Es la Historia un tema serio. O, al menos, eso creíamos. Hablar de temas históricos es siempre motivo de academicismos y revisiones analíticas de los hechos que nos han marcado. Sin embargo, algunos escritores han optado por la versión no oficial: la cómica. Es en este género donde encaja el reconocido escritor mexicano Jorge Ibargüengoitita, del cual se conmemora este año el 25 aniversario de su fallecimiento.

Jorge nació en Guanajuato, México. Quedó huérfano de padre desde muy temparana edad, creciendo bajo el cuidado de su madre y sus tías. Estudio ingeniería en la UNAM, pero dejó estos estudios para trasladarse a la Facultad de Filosofía y Letras (en la misma casa de estudios) y estudiar teatro.   Había nacido el escritor.

La carrera literatia de Ibargüengoitia se caracterizó por el fino humor negro que impregnaba a sus narraciones. Con la publicación de El atentado (ganadora del prestigioso premio Casa de las Américas) en 1962, arrancaba la prolífica producción de un mexicano capaz de ridiculizar a su sociedad y hacer de la Historia de su país un circo.  Destacó como dramaturgo, narrador y periodista, siendo reconocido en muchos ámbitos literarios por su gran capacidad e inventiva.  En 1893, mientras se radicaba en París, fue invitado a un encuentor de escritores en Bogotá. Luego de mucho resistirse, decidió asistir y abordó un avión que luego se estrellaría en Madrid. En torno a su muerte gira la leyenda de que, en su equipaje, llevaba el borrador de su última novela, perdida hoy.

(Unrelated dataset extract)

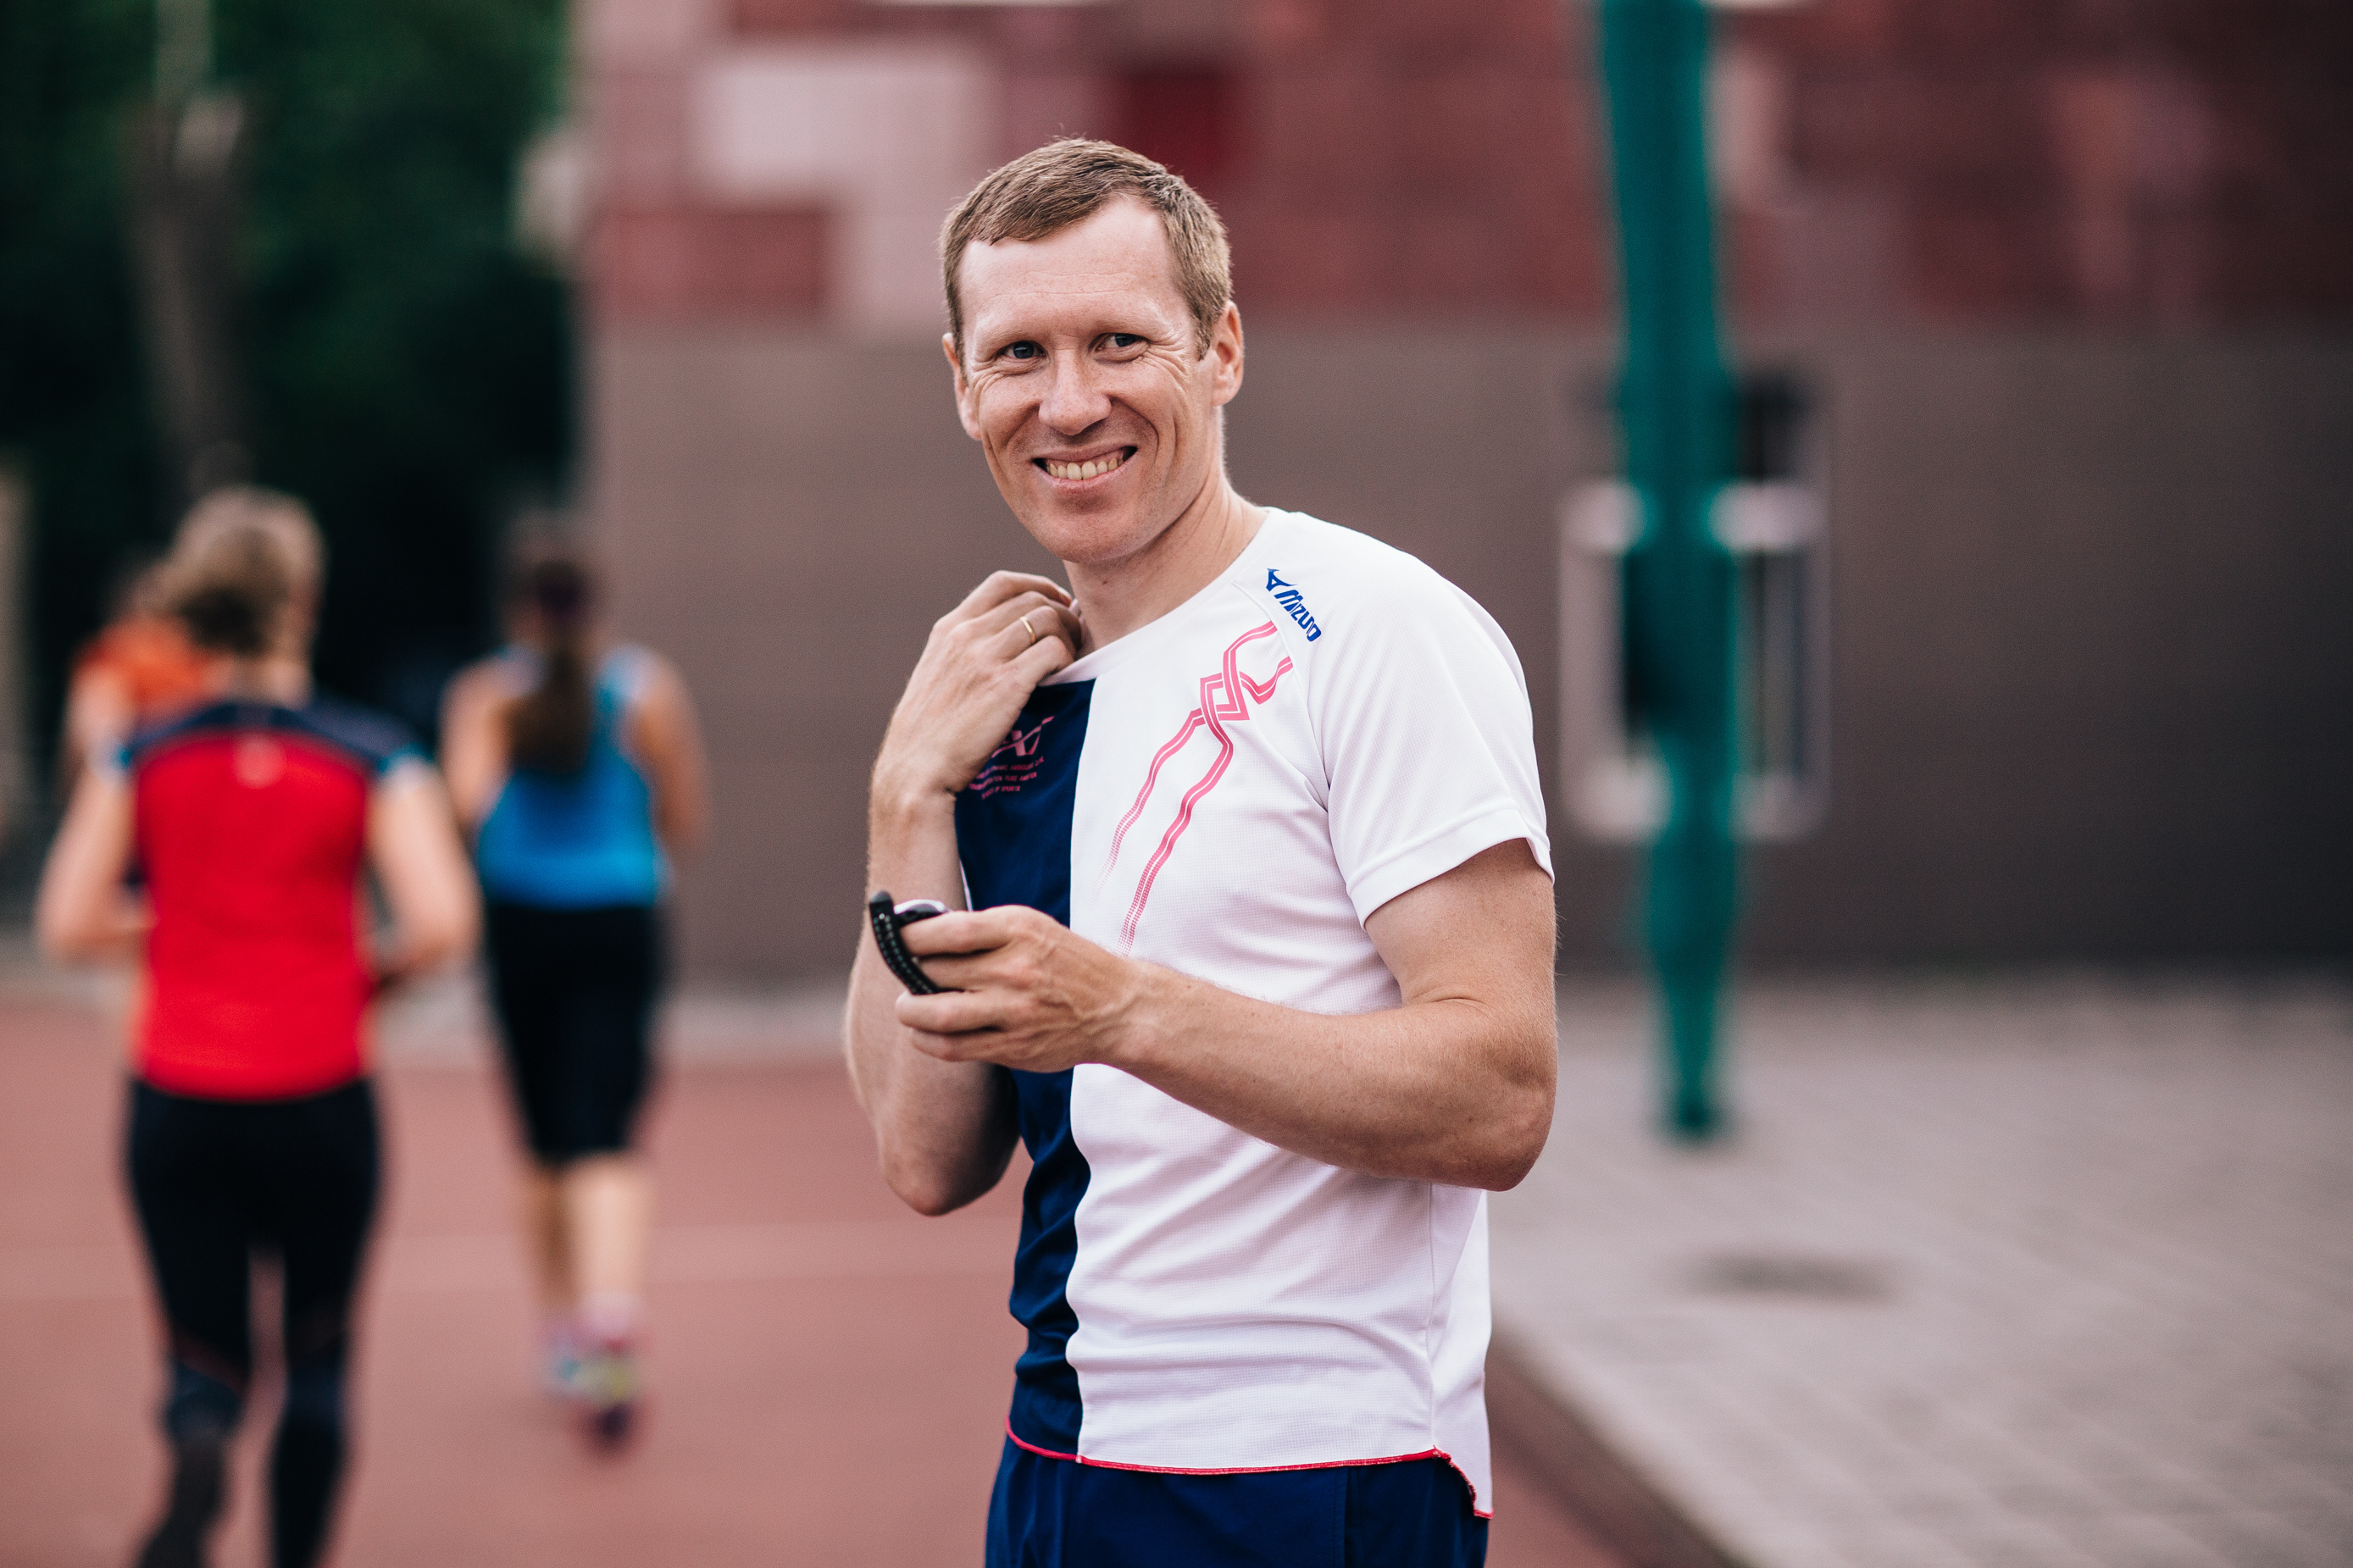 Тренер и марафонец Олег Кульков говорит: за три дня до старта пейте минимум 1,5 литра воды, позвольте организму запастись жидкостью
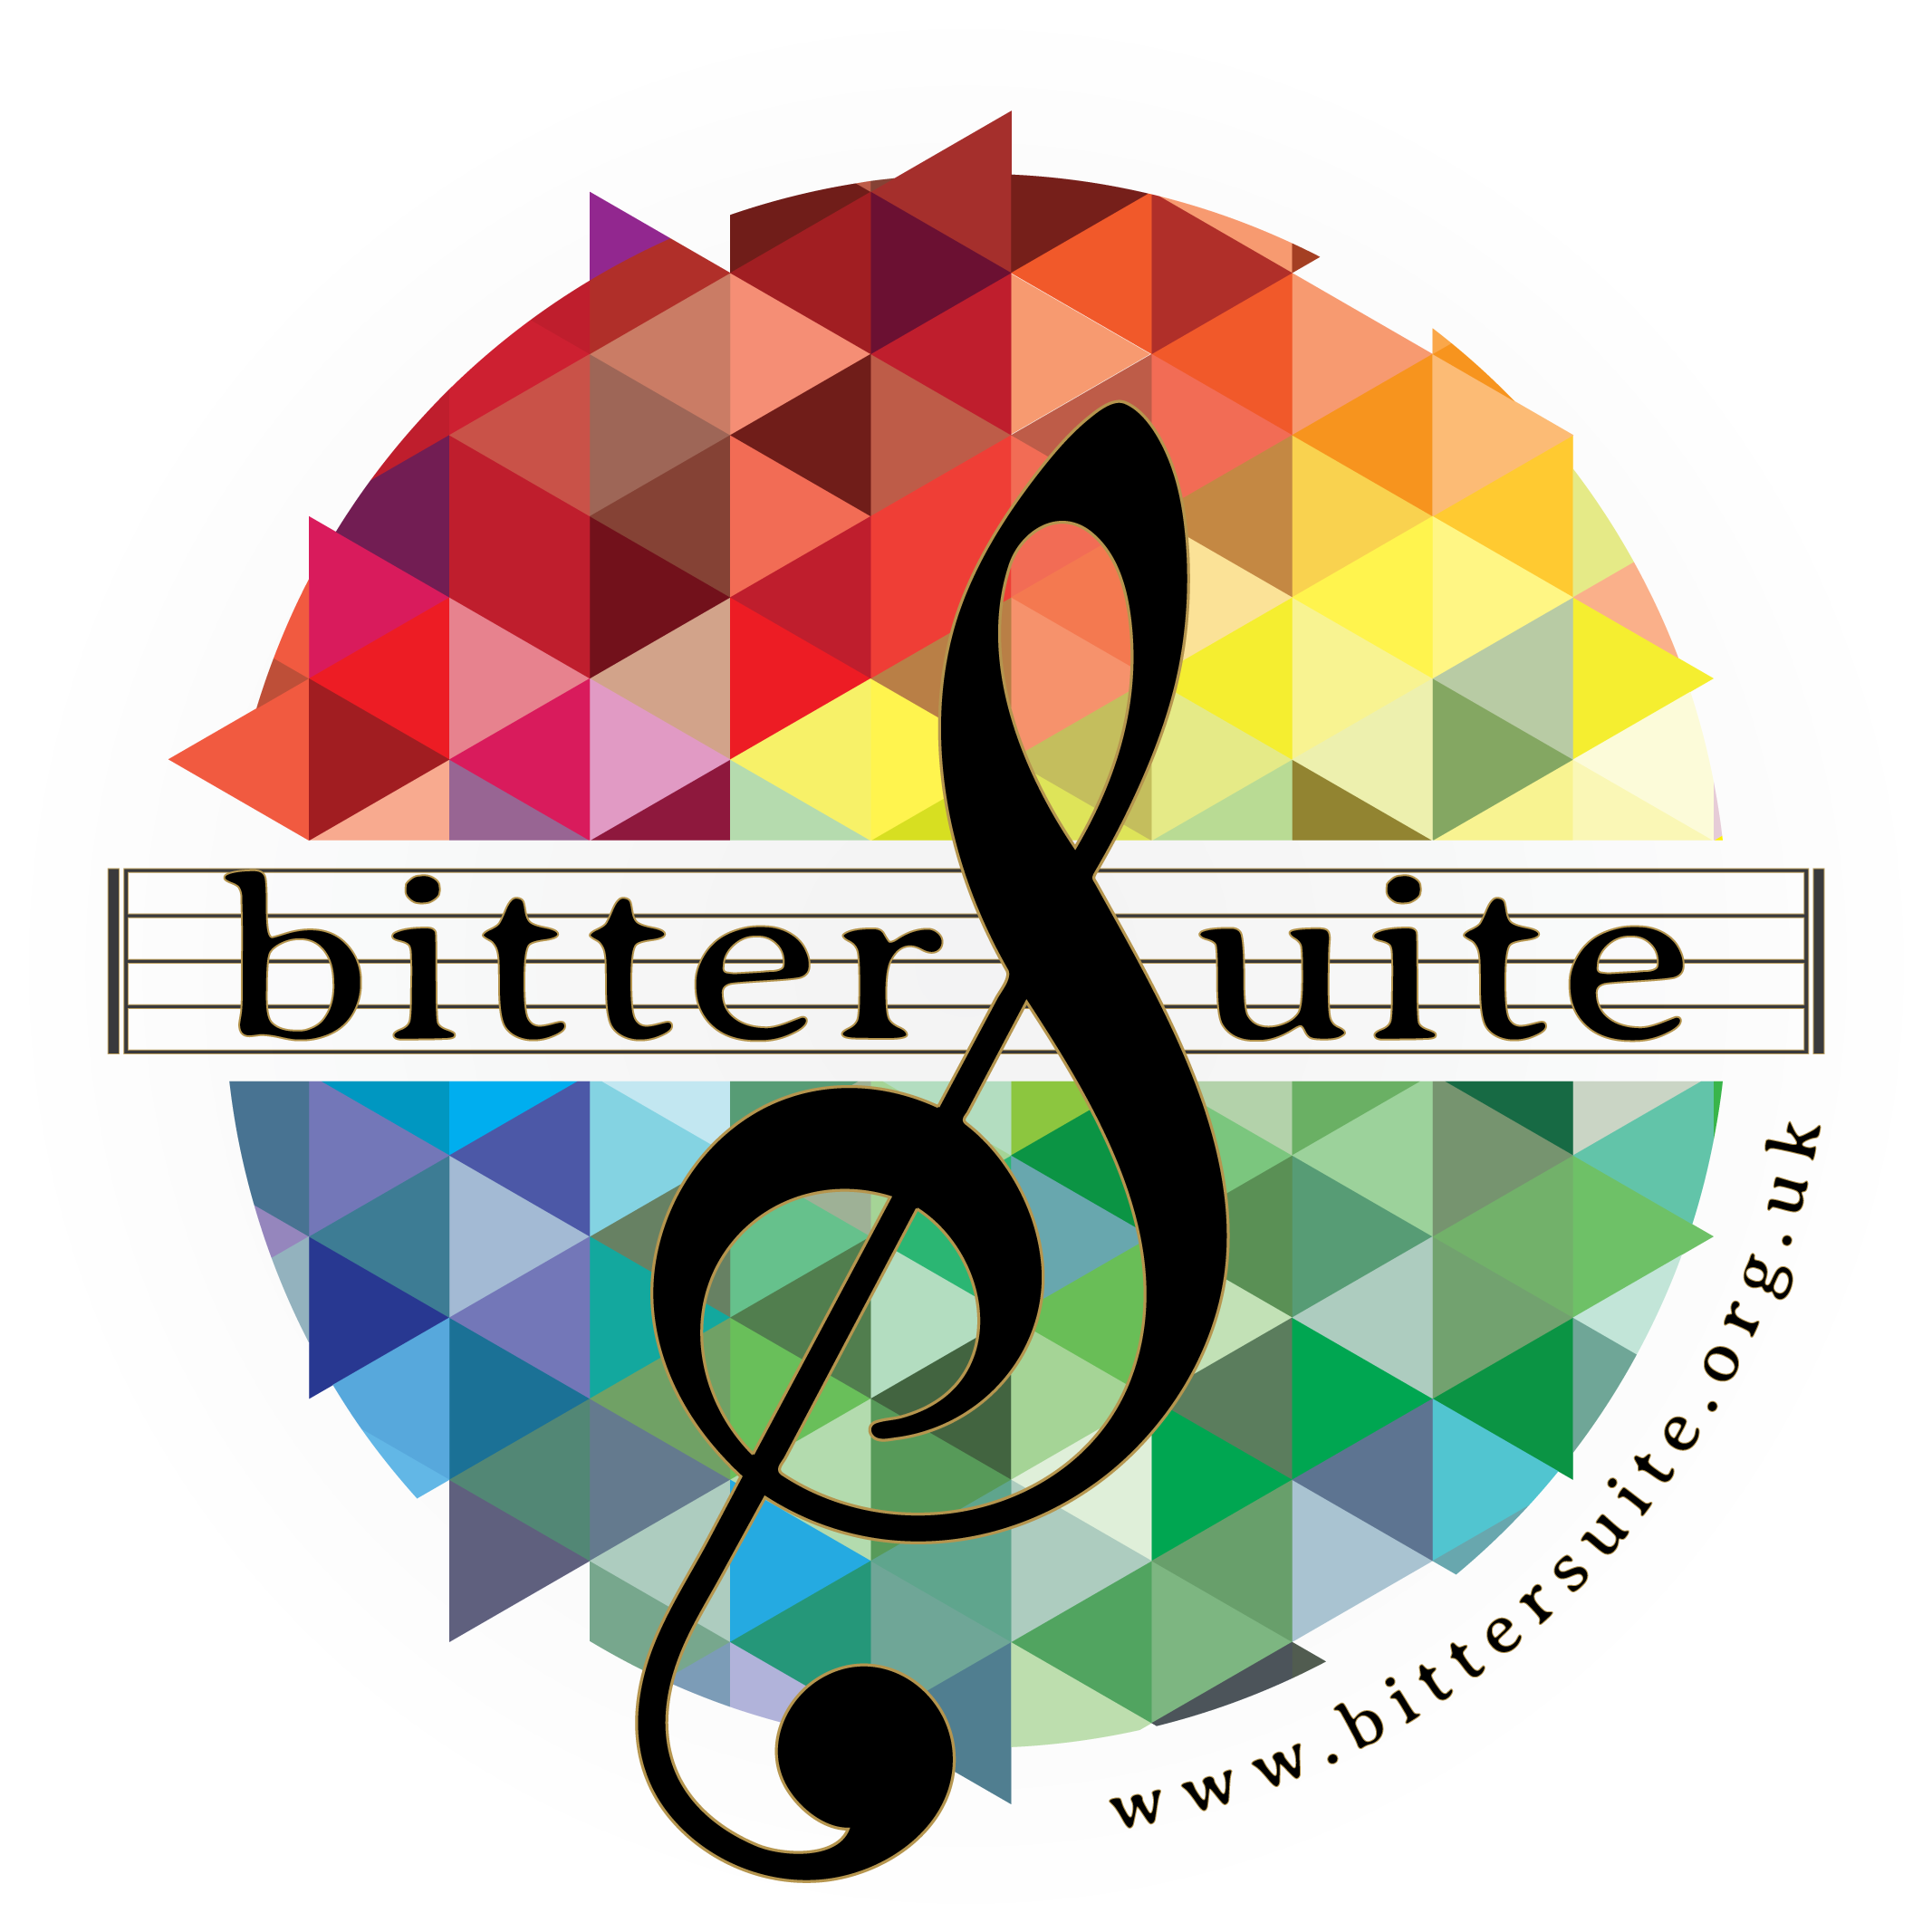 BitterSuite

¿Cómo se rinde homenaje a un escritor? Leyéndolo, claro está. Es por eso que ene sta ocasión invito a la lectura de los textos de Ibargüengoitia, narrador del lado cómico de la Historia. Propongo, de entrada, la lectura de El atentado, Los relámpagos de agosto, La ley de Herodes y otros cuentos y ¿Olvida usted su equipaje? Todos disponibles en la biblioteca Von Mises.